Using a national iTTP registry, the investigators retrospectively examined the association between race, treatment, and outcomes in patients with iTTP from 1995 to 2020. The primary outcomes were mortality and relapse-free survival (RFS) in patients with new-onset iTTP; secondary outcomes included the association between rituximab therapy and RFS in patients with new-onset iTTP and in those with relapsed disease.
The analysis included 645 patients (median age, 44 years; 71% women) with 1308 iTTP episodes; 58% were Black, 37% white, and 6% other/unknown race. During a median follow-up of 3.3 years, key findings were as follows:
Primary outcomes:
Acute iTTP-associated mortality was 3.3% (35 of 1049 episodes) overall and did not differ significantly between Black (3.2%) and white patients (3.7%).
Black race was associated with shorter RFS (hazard ratio, 1.60).
Secondary outcomes:
Adding rituximab to corticosteroids improved RFS in white patients (HR, 0.37) but not Black patients (HR, 0.96).
In patients with new-onset iTTP, the addition of rituximab delayed relapse; however, RFS was shorter in Black than in white patients, regardless of rituximab treatment.
In patients with relapsed iTTP, rituximab significantly improved RFS in white but not Black patients.

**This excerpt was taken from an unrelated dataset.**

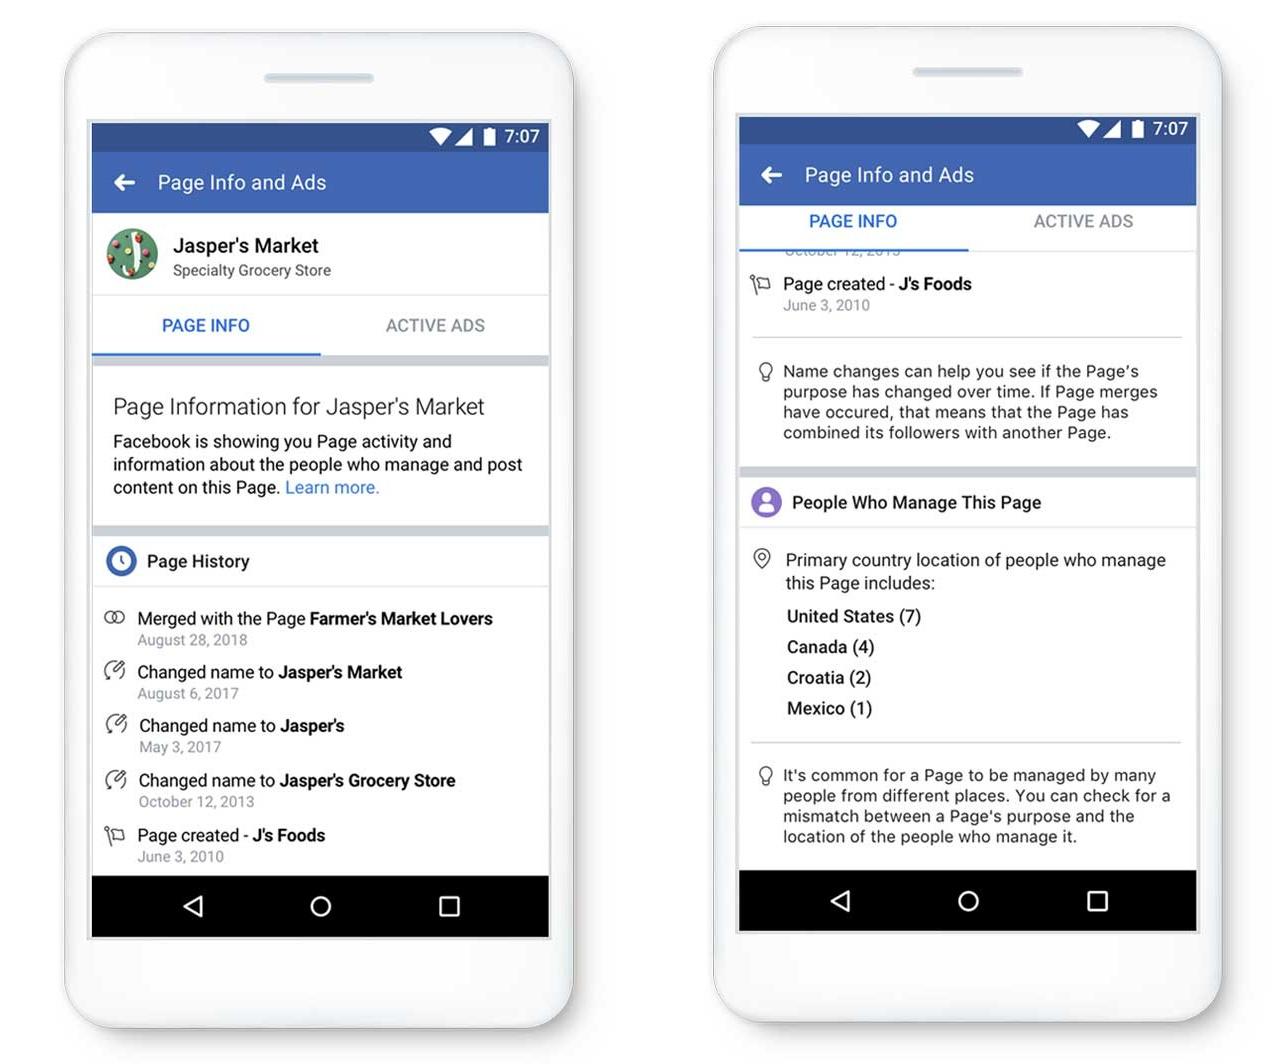 أدوات ترخيص الصفحة الجديدة من Facebook (لقطات)
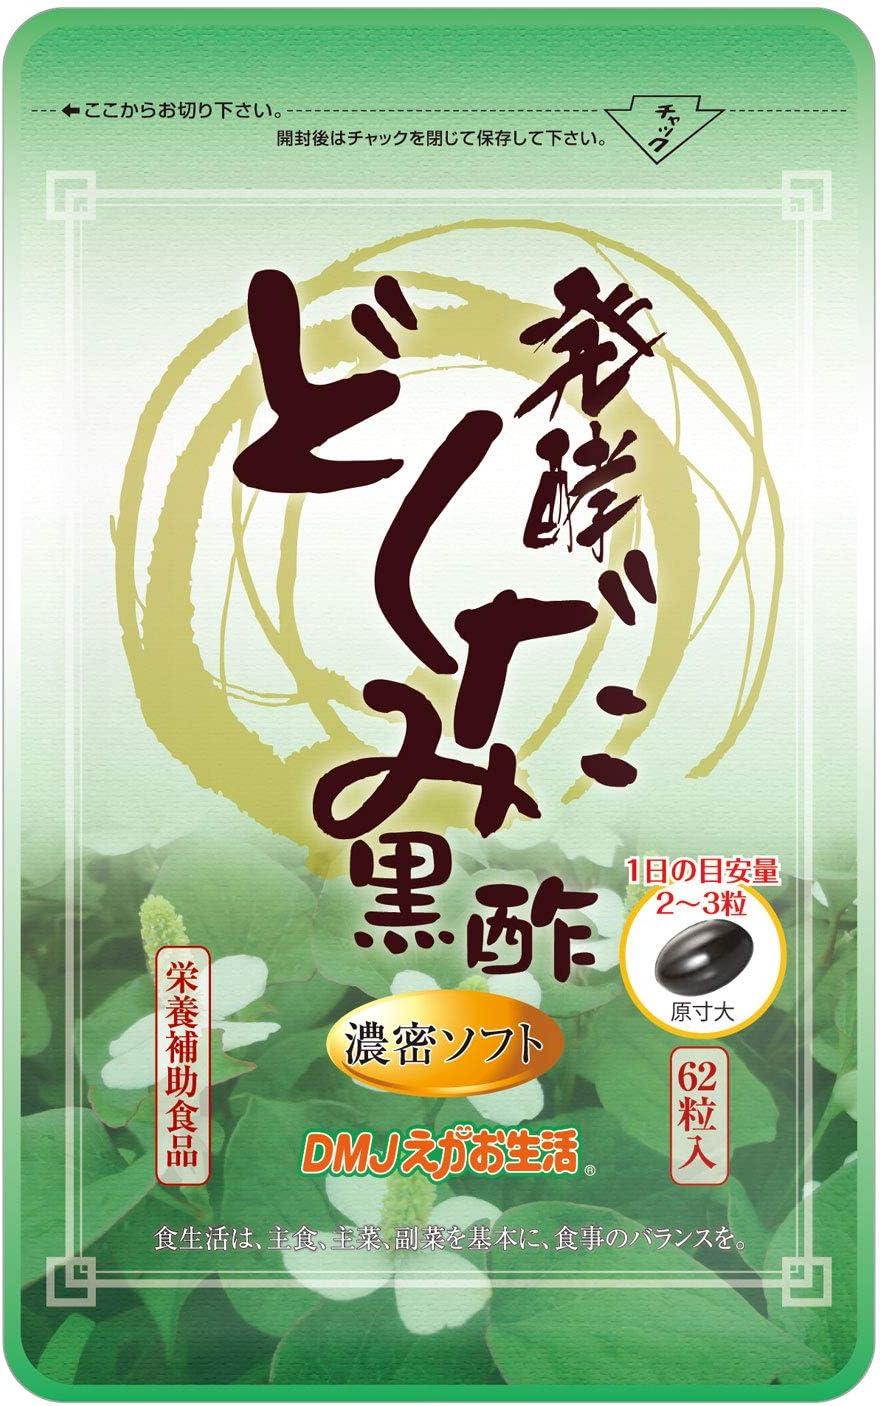 発酵どくだみ黒酢濃密ソフト [ 黒酢サプリメント/DMJえがお生活] ビタミンB1 アミノ酸 (カプセルタイプ) どくだみ 日本製 31日分

Chaturvedi S et al. Race, rituximab, and relapse in TTP. Blood 2022 Sep 22; 140:1335. (https://doi.org/10.1182/blood.2022016640)
Comment
The results underscore that Black race is associated with higher risk for iTTP relapse and less-durable response to rituximab. The results are generalizable, as the cohort was drawn from 15 high-volume geographically diverse referral centers in the U.S. Although differences in genetic repertoire (a lower frequency of the HLA-DRB1*04 allele that is protective against iTTP) could partially explain these disparities, Black patients with iTTP require vigilant monitoring for relapse and early intervention with alternative therapeutics, such as caplacizumab.